↓

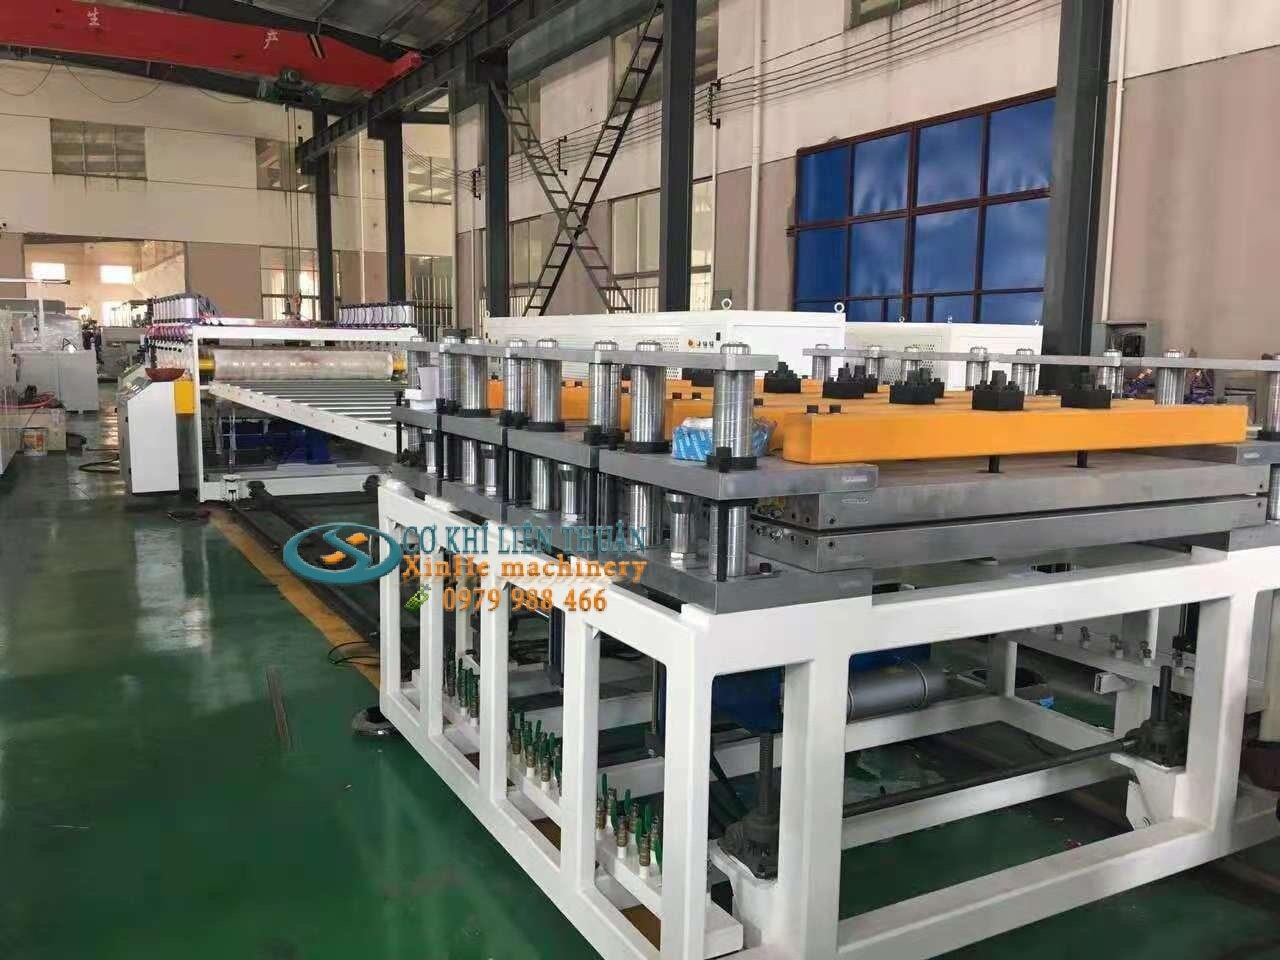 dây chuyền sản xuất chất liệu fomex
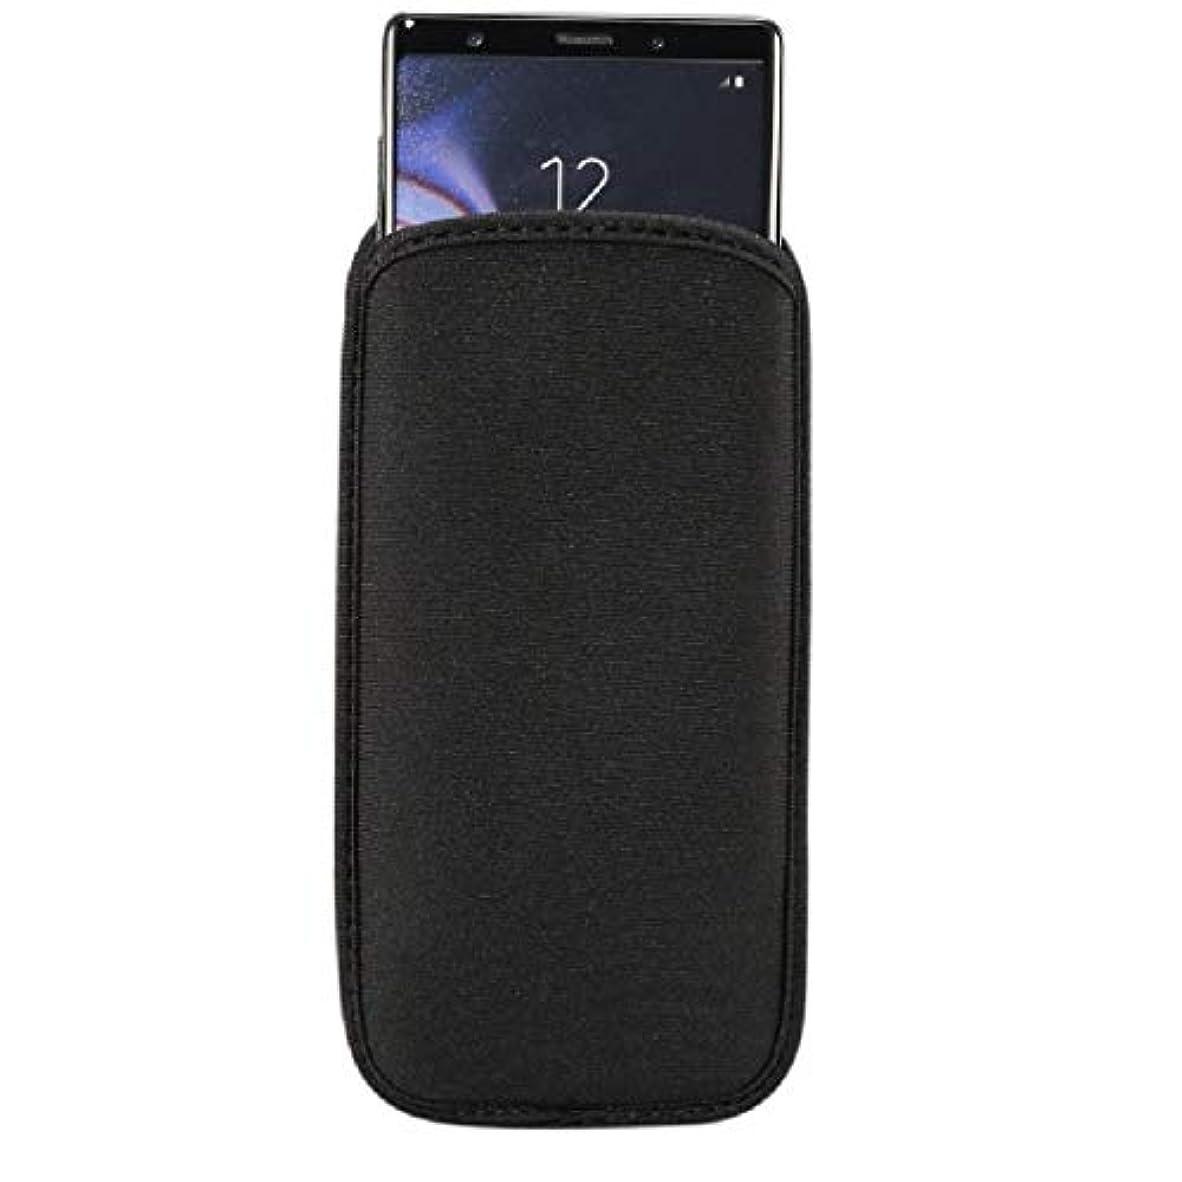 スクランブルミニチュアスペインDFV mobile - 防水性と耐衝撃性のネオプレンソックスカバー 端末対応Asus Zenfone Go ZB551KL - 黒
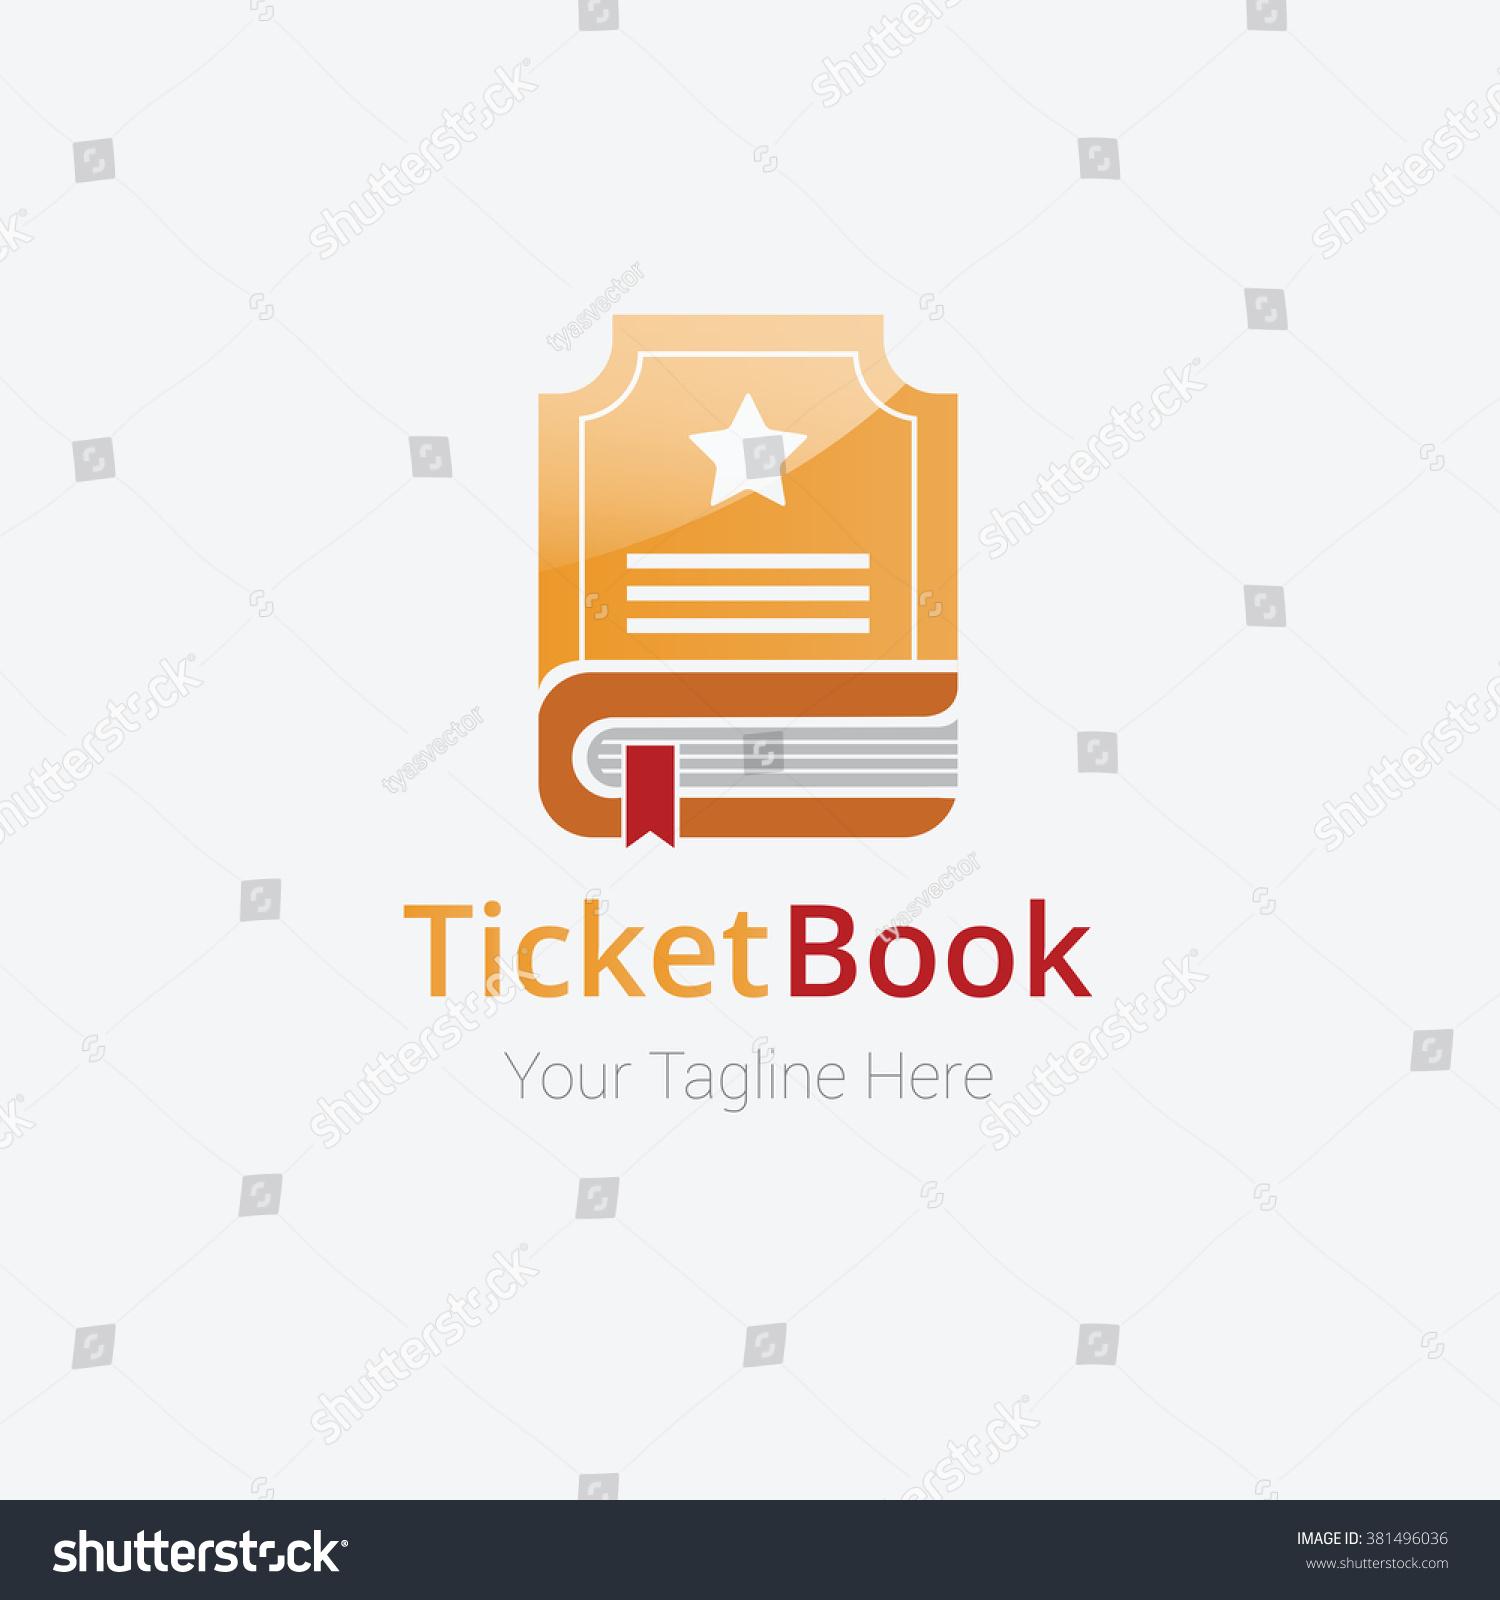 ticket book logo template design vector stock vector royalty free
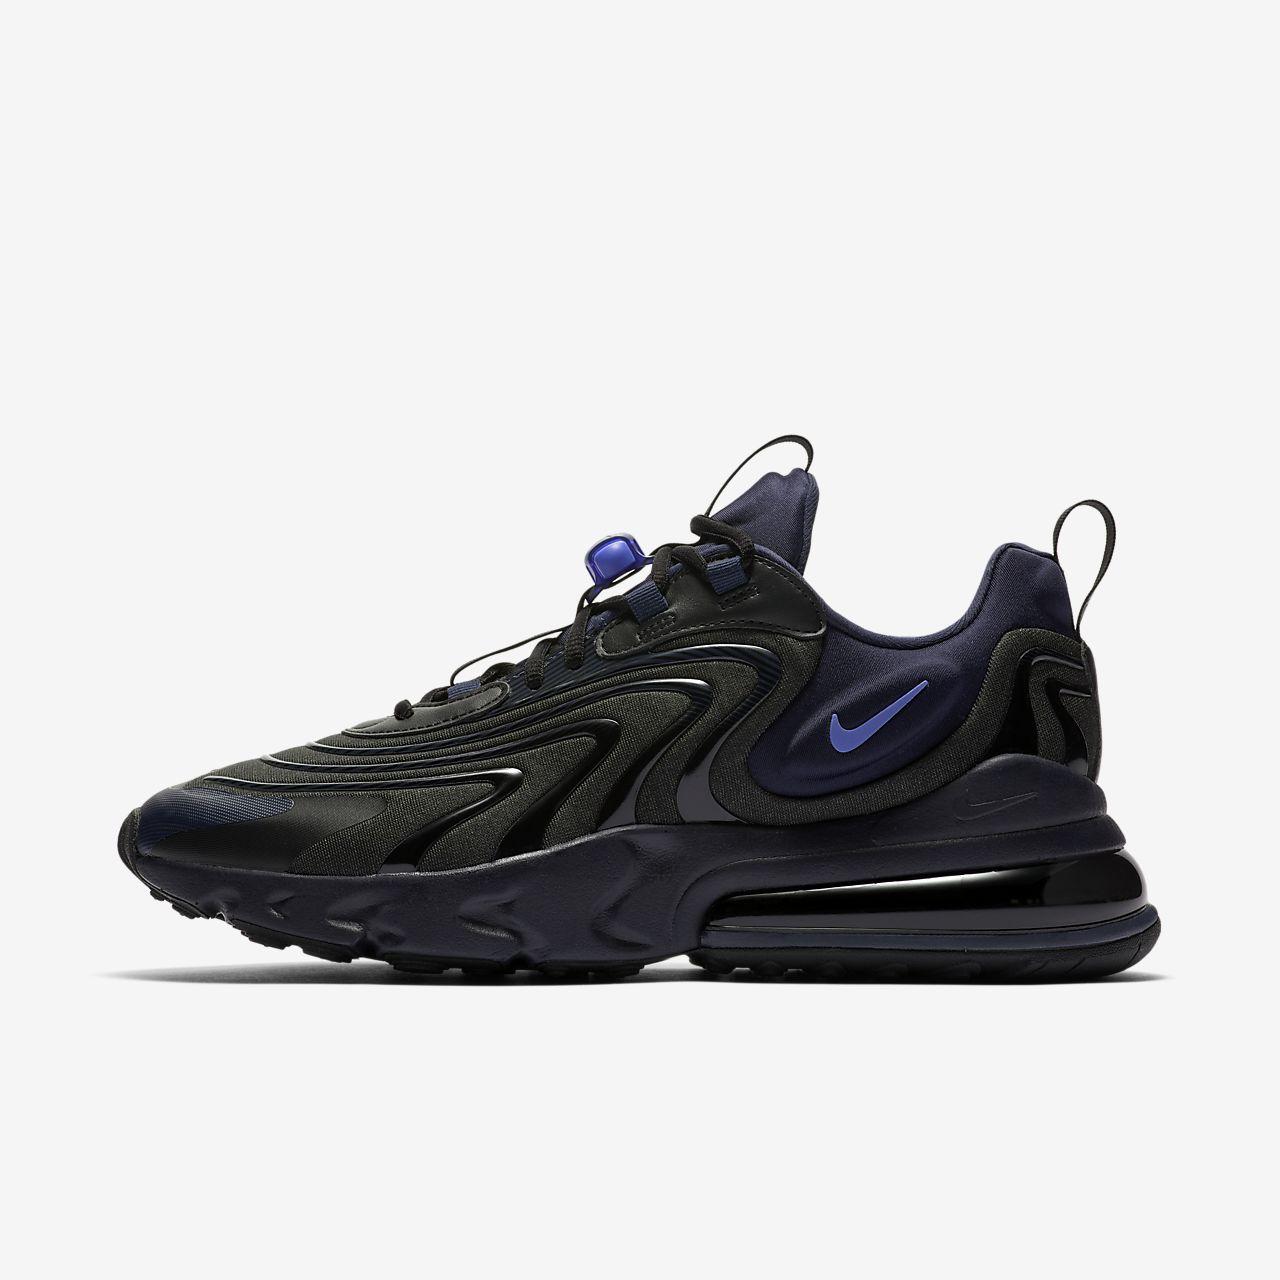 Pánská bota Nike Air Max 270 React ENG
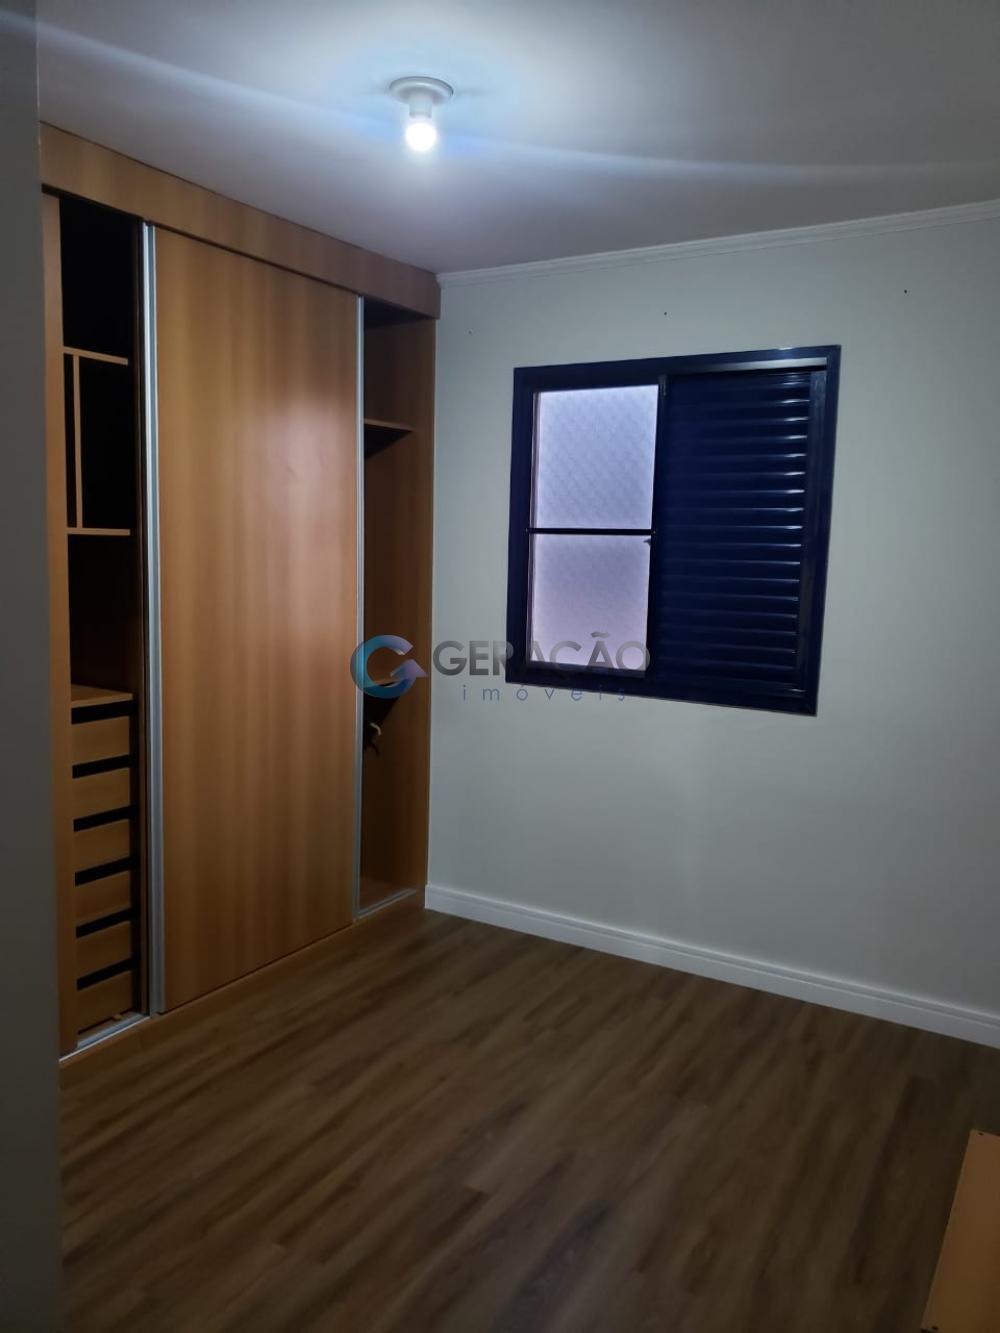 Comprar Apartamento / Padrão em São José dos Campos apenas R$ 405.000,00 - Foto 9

↑

### [How to complete this task]
Before answering, please find the line containing "ticket book logo" above, then copy exactly from it through the last line of the entries, both included, without pictures.

### [Response to the task]
 ticket book logo template design vector stock vector royalty free
 Pánská bota Nike Air Max 270 React ENG
 Comprar Apartamento / Padrão em São José dos Campos apenas R$ 405.000,00 - Foto 9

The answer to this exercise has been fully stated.